Мне стало нестерпимо душно. Я стиснул зубы, швырнул в рыжее Филькино лицо пустую гильзу и… повернулся к нему спиной.

С ружьем в руках не до драки!


СЧАСТЛИВЧИК

Мы сидели в столовой и ели.

– Филька, а Филька, давай меняться! – толкнул я приятеля локтем.

– Мы… чем? – промычал Филька с набитым ртом.

– Ты мне крыло косачиное, а я тебе ножку! Вон какая поджаристая.

Филька уставился на ножку, подозревая какой-то подвох. За столом стало тихо, только изредка постукивали ножи да вилки.

– Даю лук и пять стрел! – прошептал я.


Соблазн был велик. Филька потер веснушчатый нос и подвинул свою тарелку к моей. Я подцепил вилкой надгрызенное крылышко, а ножка перекочевала к Фильке.

Я тщательно пережевывал крыло и вдруг ойкнул. Что-то попало мне на зуб. Еще не веря своему счастью, я схватился за щеку, выскочил из-за стола и помчался в нашу комнату. Ура! Теперь я непременно возьму рябчика! Обязательно возьму!

На следующий день, едва серый рассвет подступил к окнам, мы с папой отправились в лес.

Заряженное ружье я нес не на ремне, а сжимал в руках: вдруг вылетит рябчик или косач, притаившийся где-нибудь в траве!

На душе тревожно и радостно. И лес, и дорожка, которой мы шли, и облака над нами, словно застывшие на небе, казались какими-то особенными. Я был уверен, что сегодня принесу с охоты своего первого рябчика.

С ветвей падали крупные капли росы, пахло смолой и прелыми листьями, мохом и болотной травой.

– Я вот тут и пристроюсь, – сказал папа, садясь на толстый пень, черневший у ствола высокой ели.

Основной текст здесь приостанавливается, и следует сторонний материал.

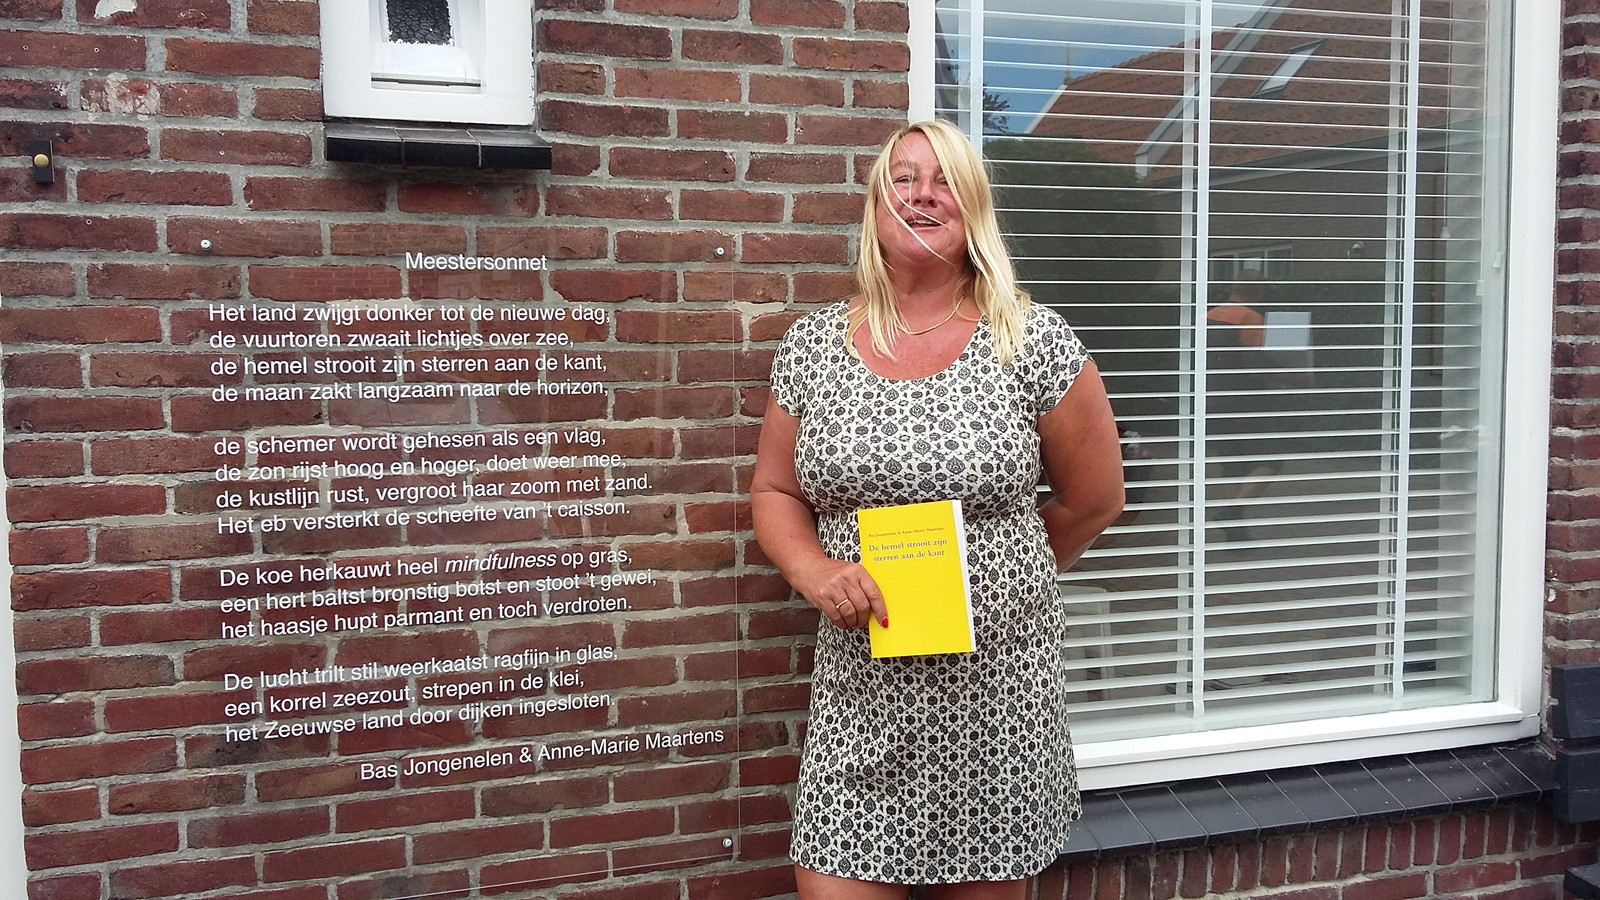 Anne-Marie Maartens
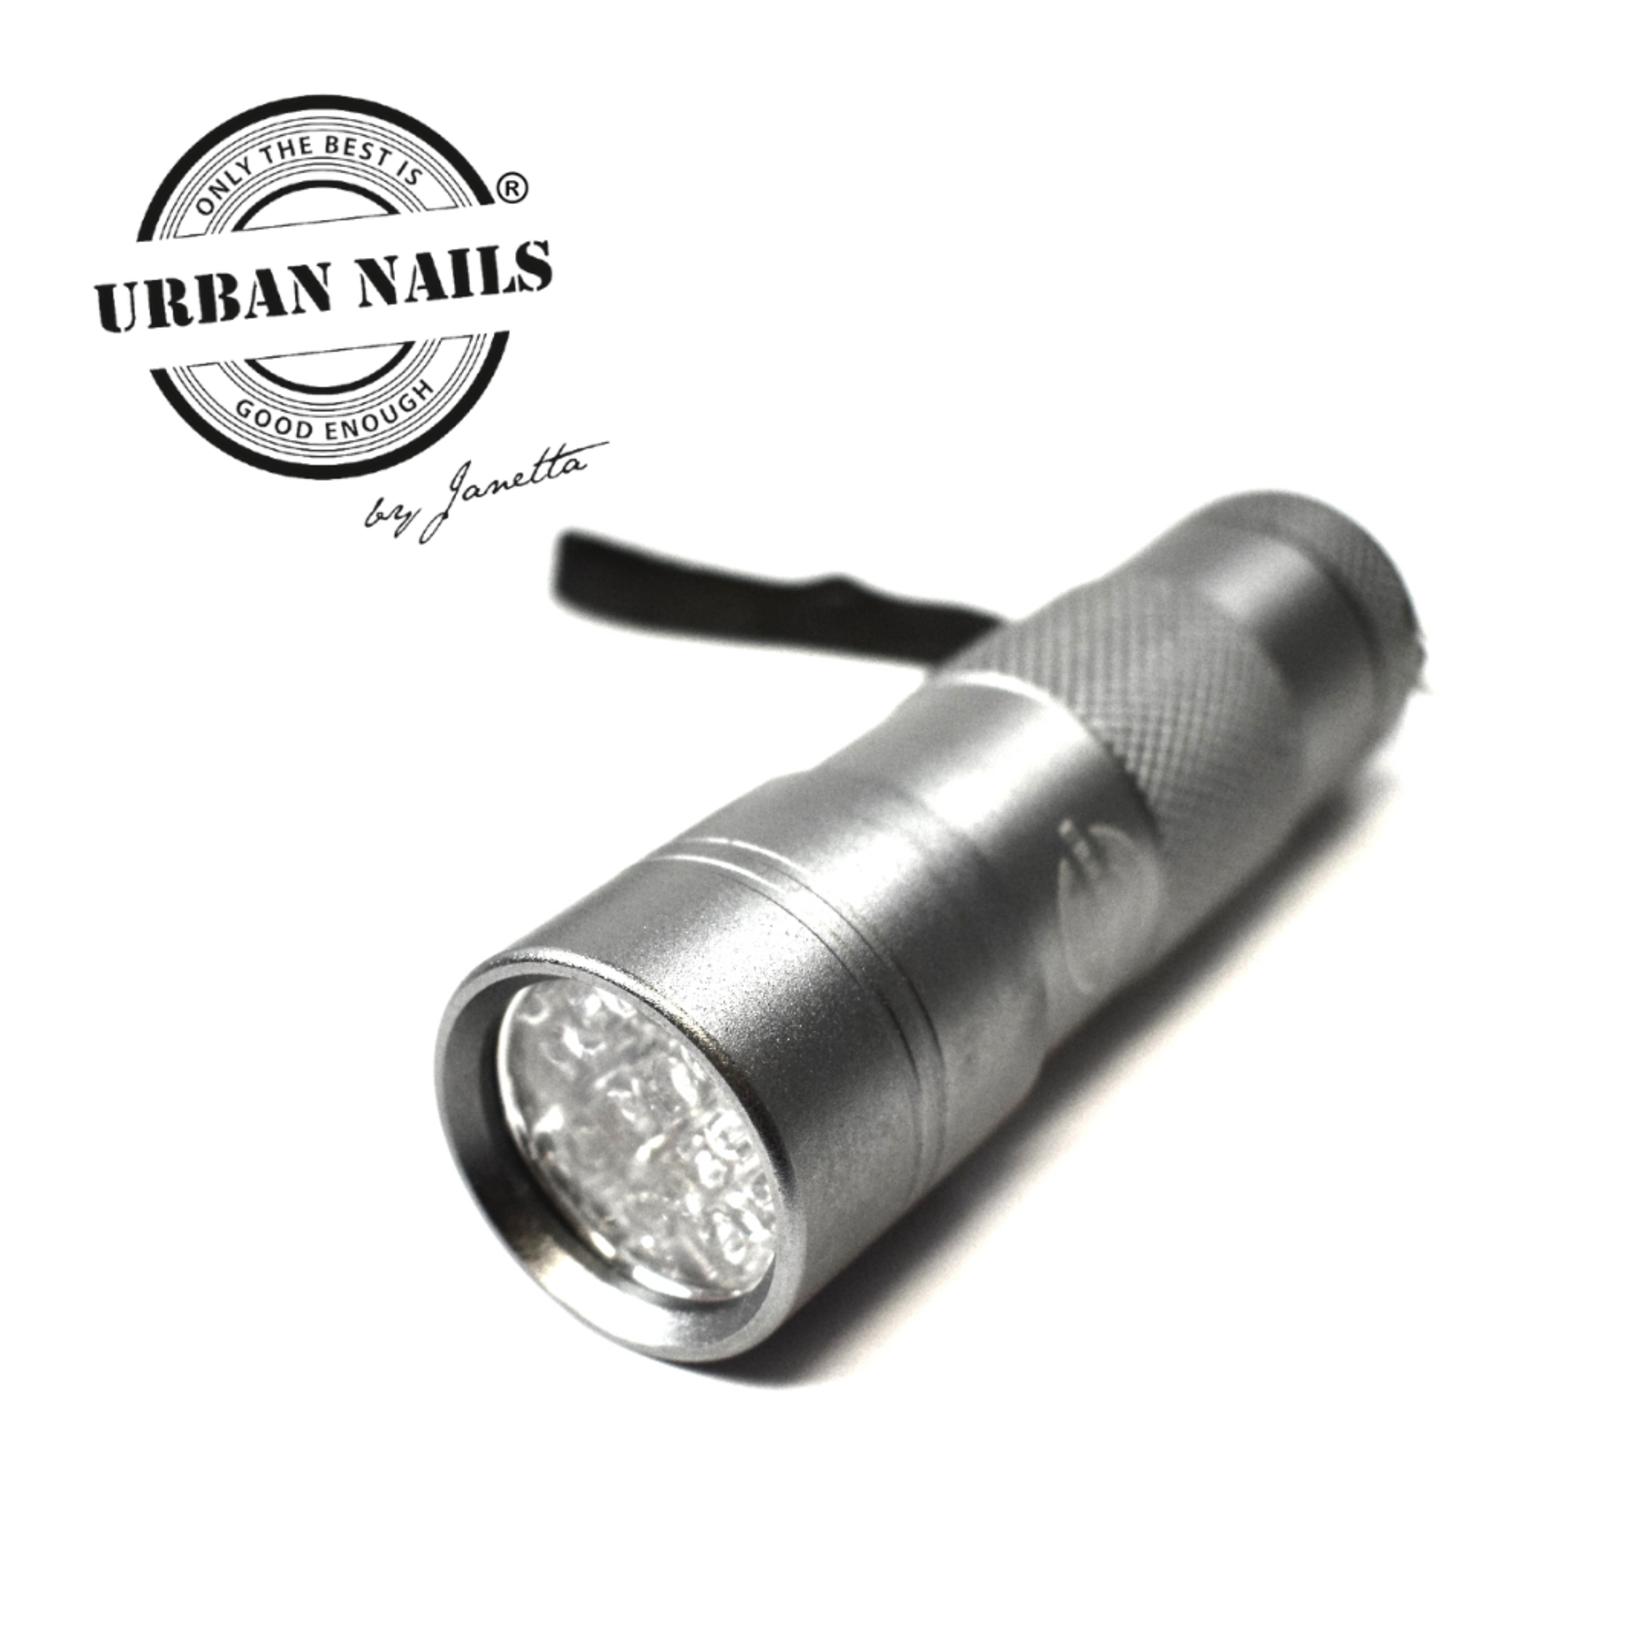 Urban Nails Flashlight

– Ни пуха ни пера! – шепнул я и помахал рукой.

Тропинка свернула влево и круто сбежала в овражек, на дне которого протекал ручей.

«Вот это место! – радостно подумал я, усевшись у лохматой елочки. – „Осыплешься рябчиком!“, как говорит папа».

Я достал из нагрудного кармана маленький костяной свисточек-манок и осторожно подул в него: «тии… тии… ти-ти!»

И тут же раздался шум, похожий на далекий хлопок. Взлет! Теперь только не двигаться, не шелохнуться!

А сзади, как назло, щекочет по шее веточка. В колено врезался острый сучок. Стискиваю зубы: ничего – перетерплю, выдержу!

В просвет меж еловых веток мне видны большой муравейник, полоска тропинки, поваленный ствол осины.

Солнце, пробившись сквозь паутину ветвей, светит прямо в глаза. Я щурюсь и часто мигаю, чтобы прогнать набежавшие слезы. Хочу вытереть их кулаком, но… что это?

Совсем недалеко, шагах в десяти, – рябчик! У меня екнуло сердце, будто я взлетел высоко-высоко на качелях. Хитрец бесшумно бежал прямо ко мне по желтой дорожке. Вот он замер, вытянув шейку, и снова засеменил вперед.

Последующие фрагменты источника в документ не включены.